Stored data:
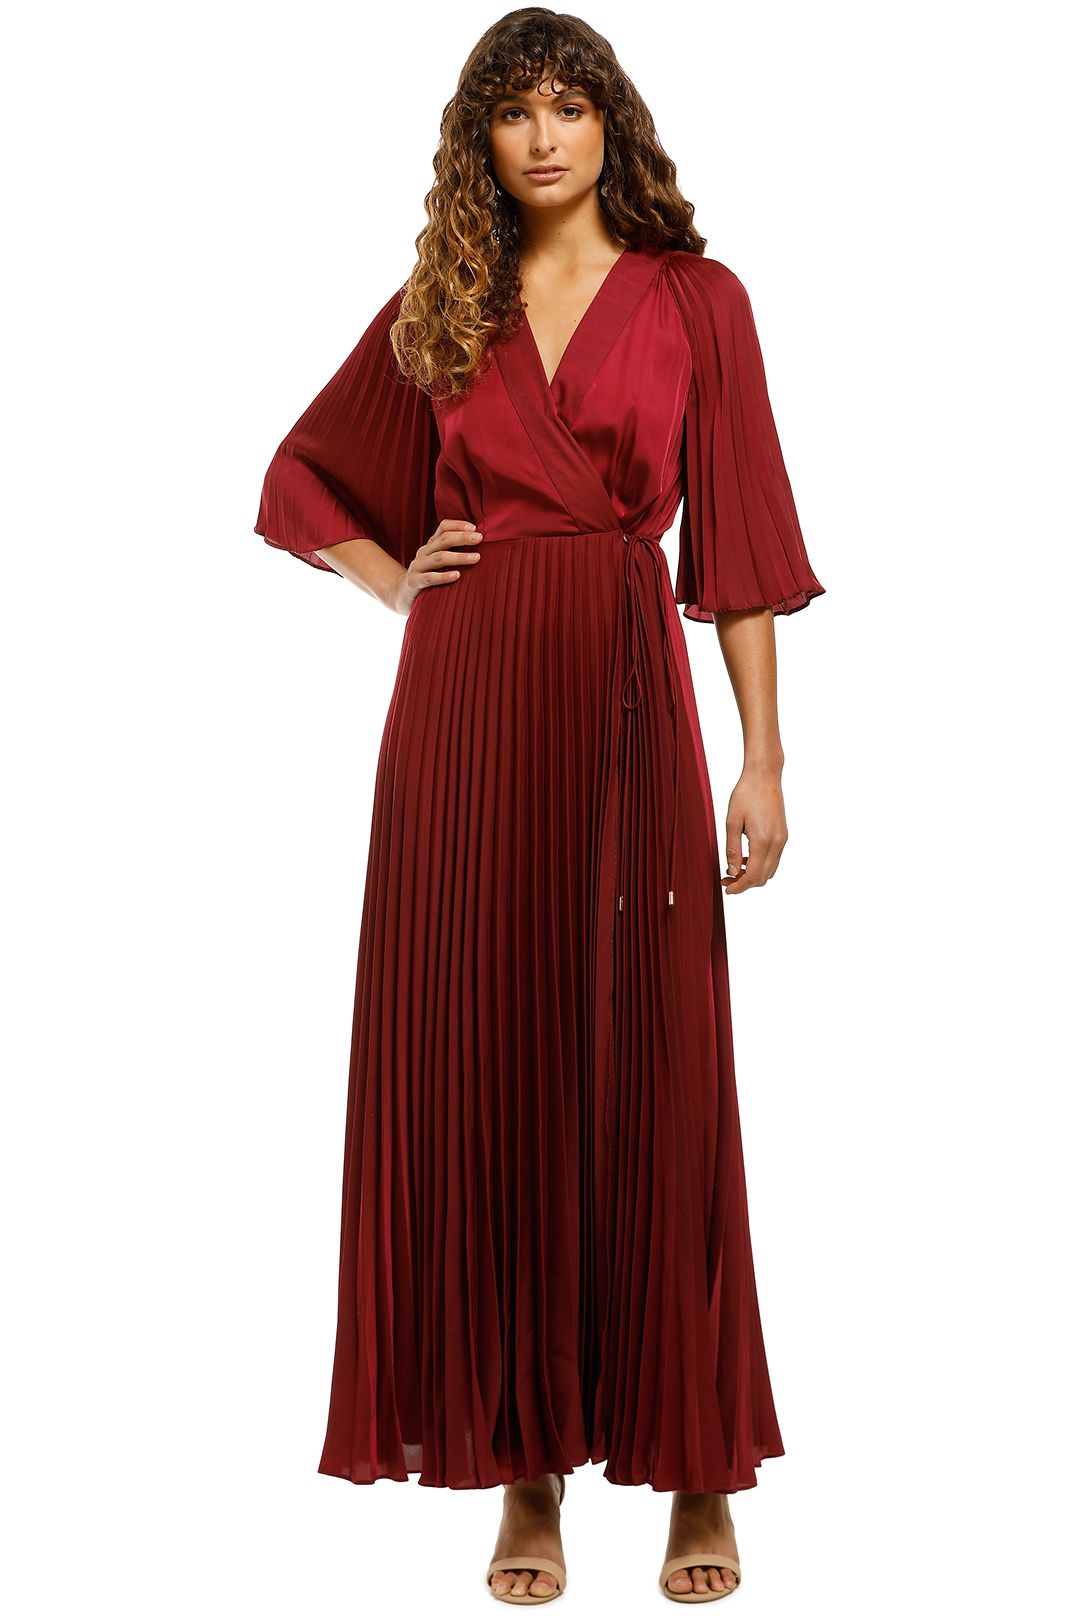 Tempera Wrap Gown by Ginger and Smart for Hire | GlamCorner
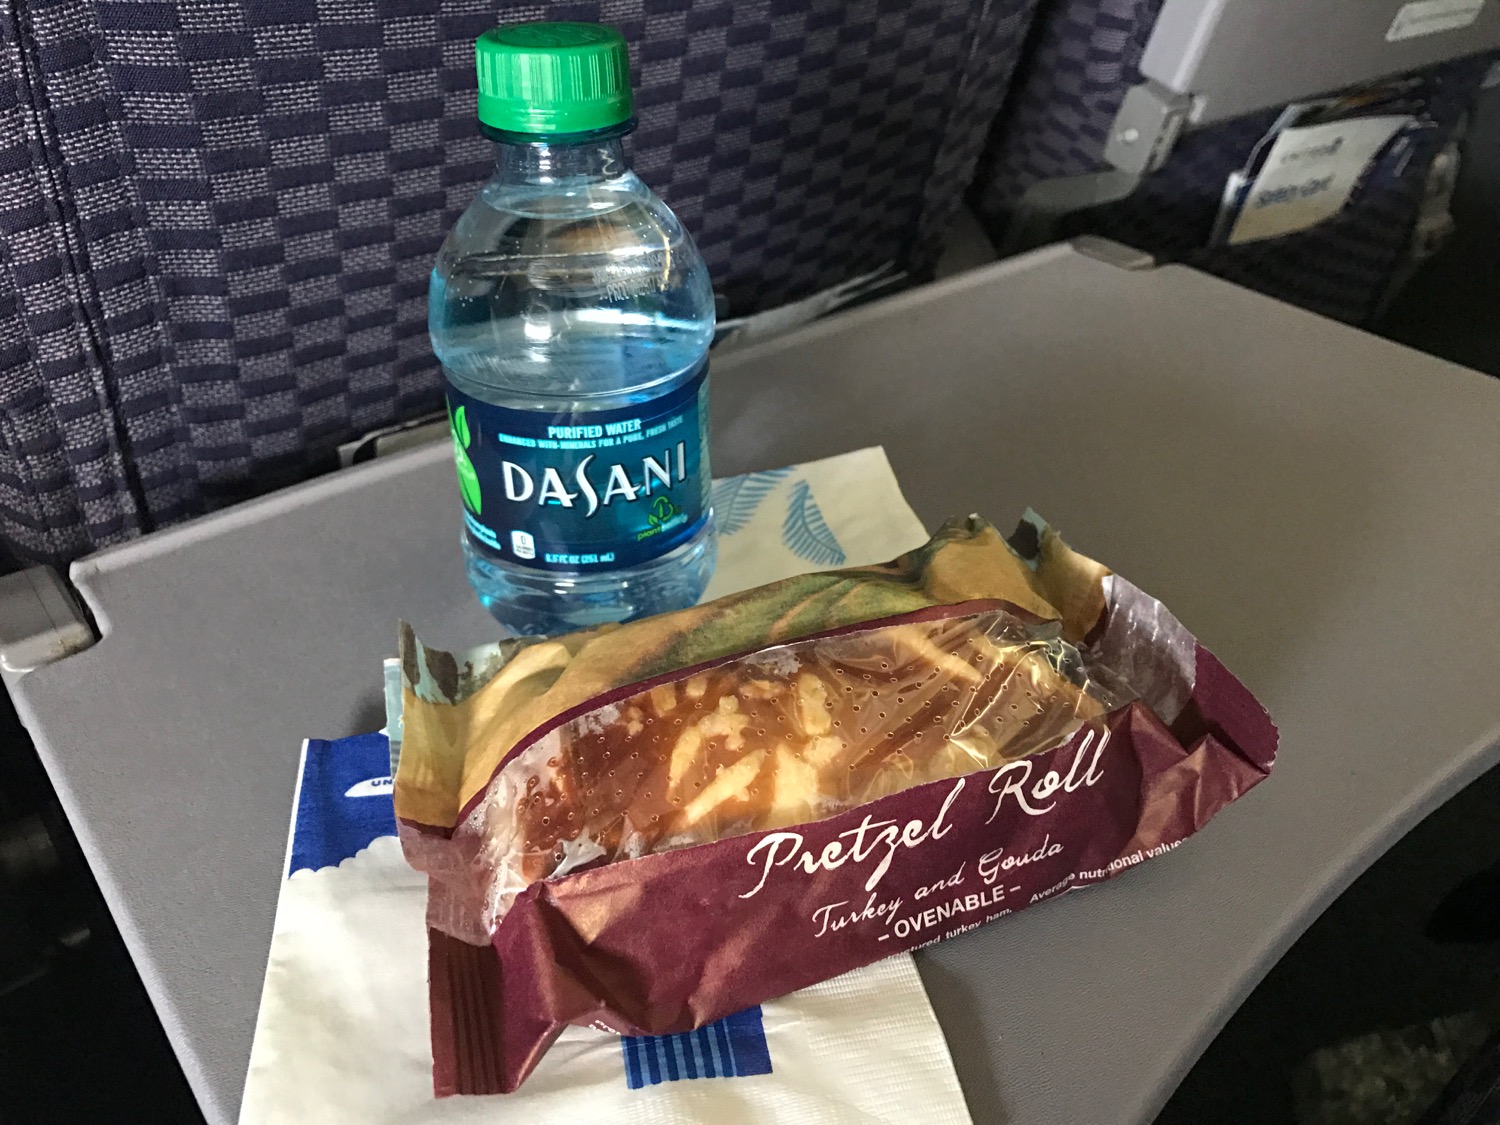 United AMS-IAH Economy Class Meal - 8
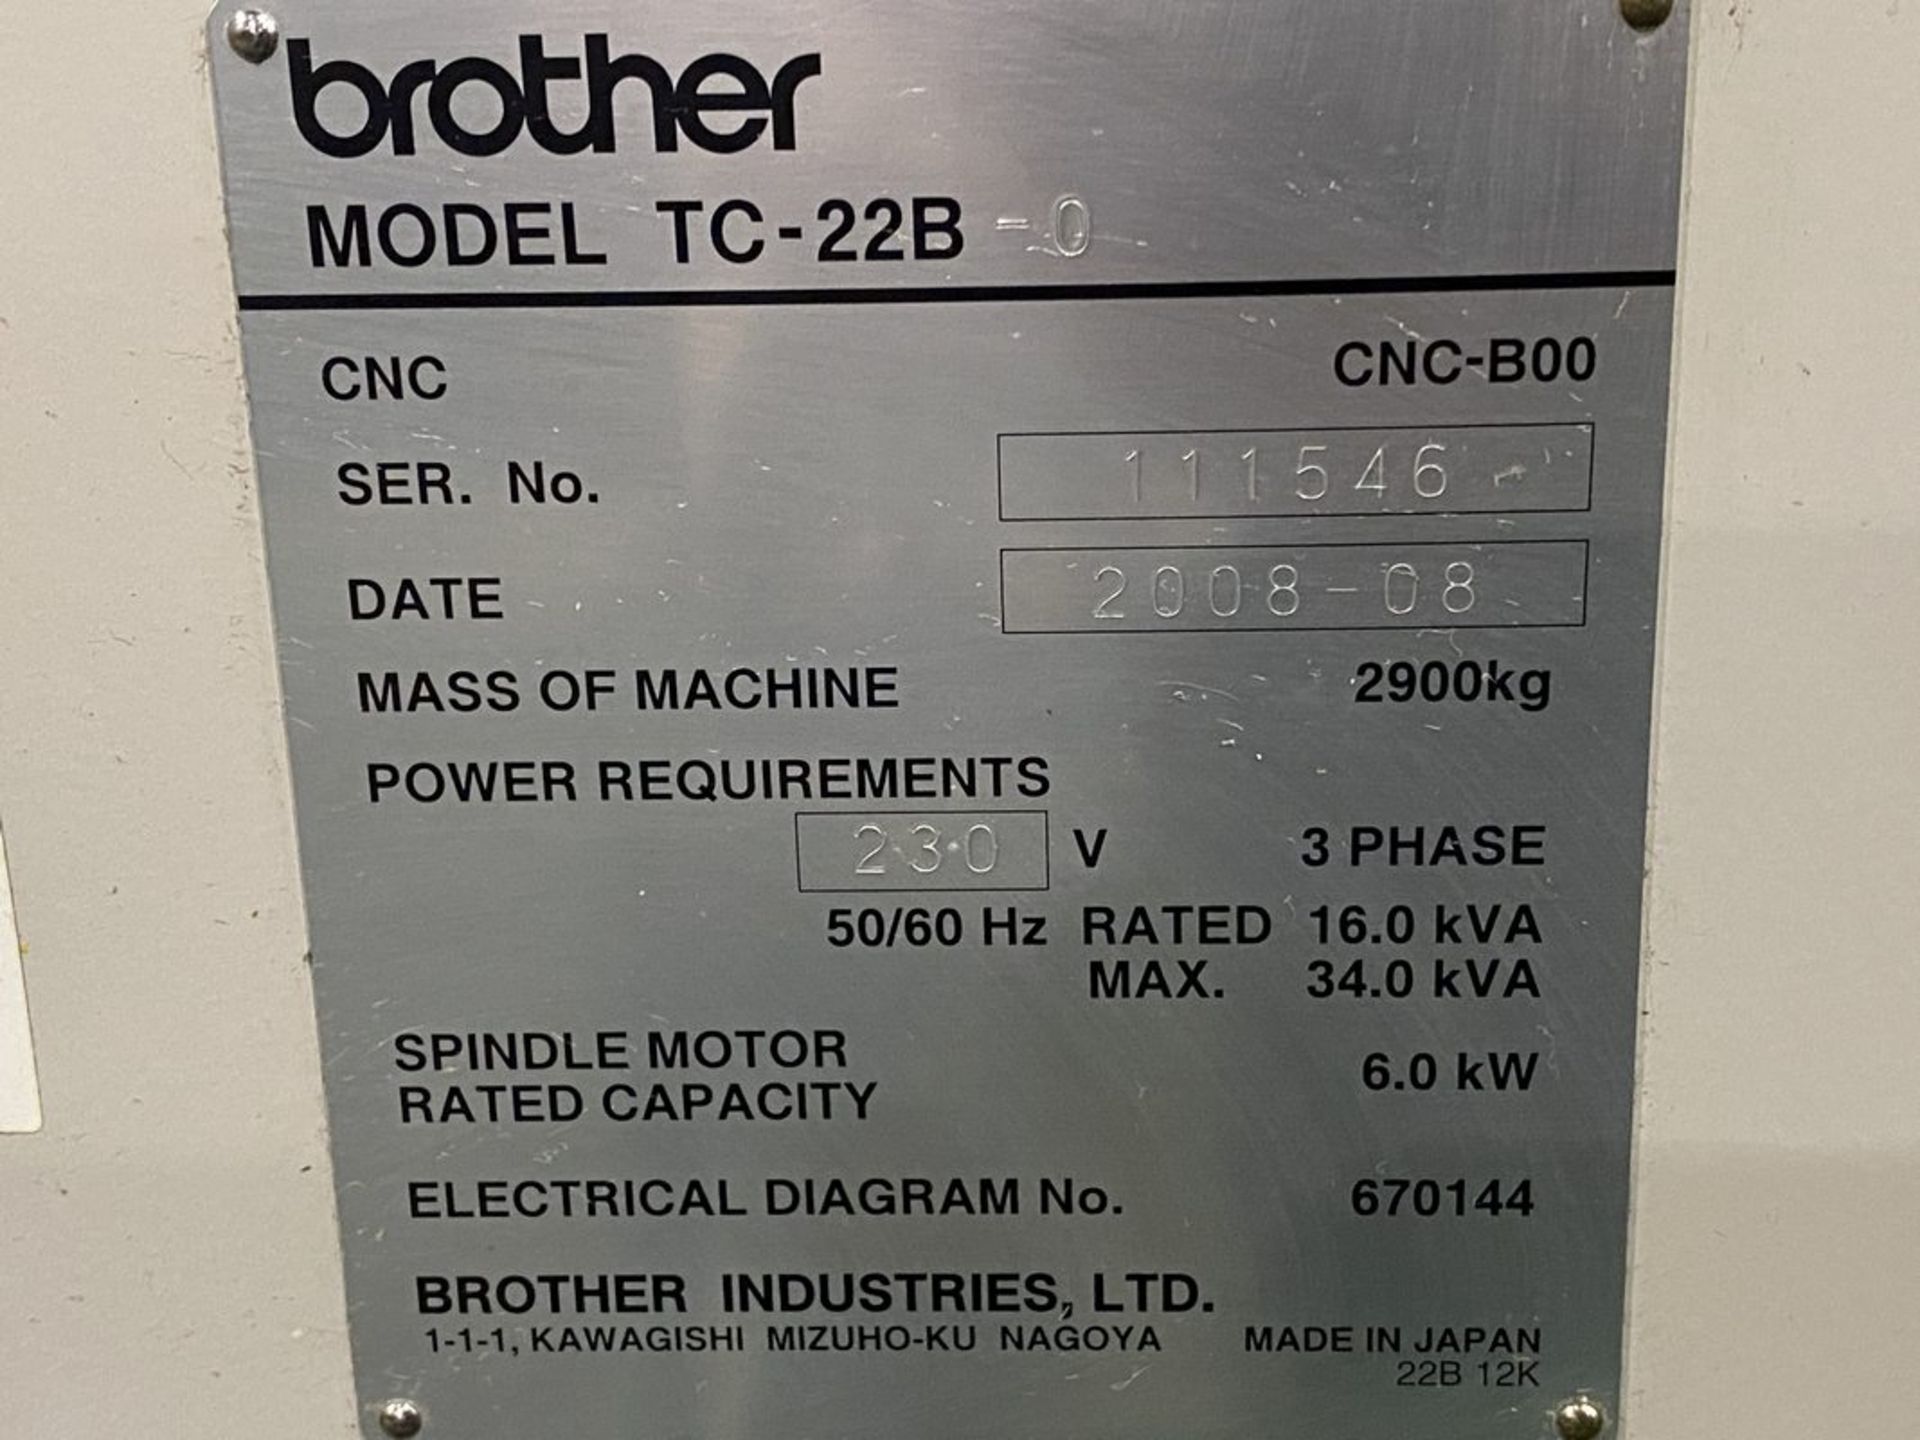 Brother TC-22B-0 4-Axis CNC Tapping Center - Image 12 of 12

Problem: Copy the data word for word, no pictures.

Written solution:
 Tempera Wrap Gown by Ginger and Smart for Hire | GlamCorner
 United AMS-IAH Economy Class Meal - 8
 Brother TC-22B-0 4-Axis CNC Tapping Center - Image 12 of 12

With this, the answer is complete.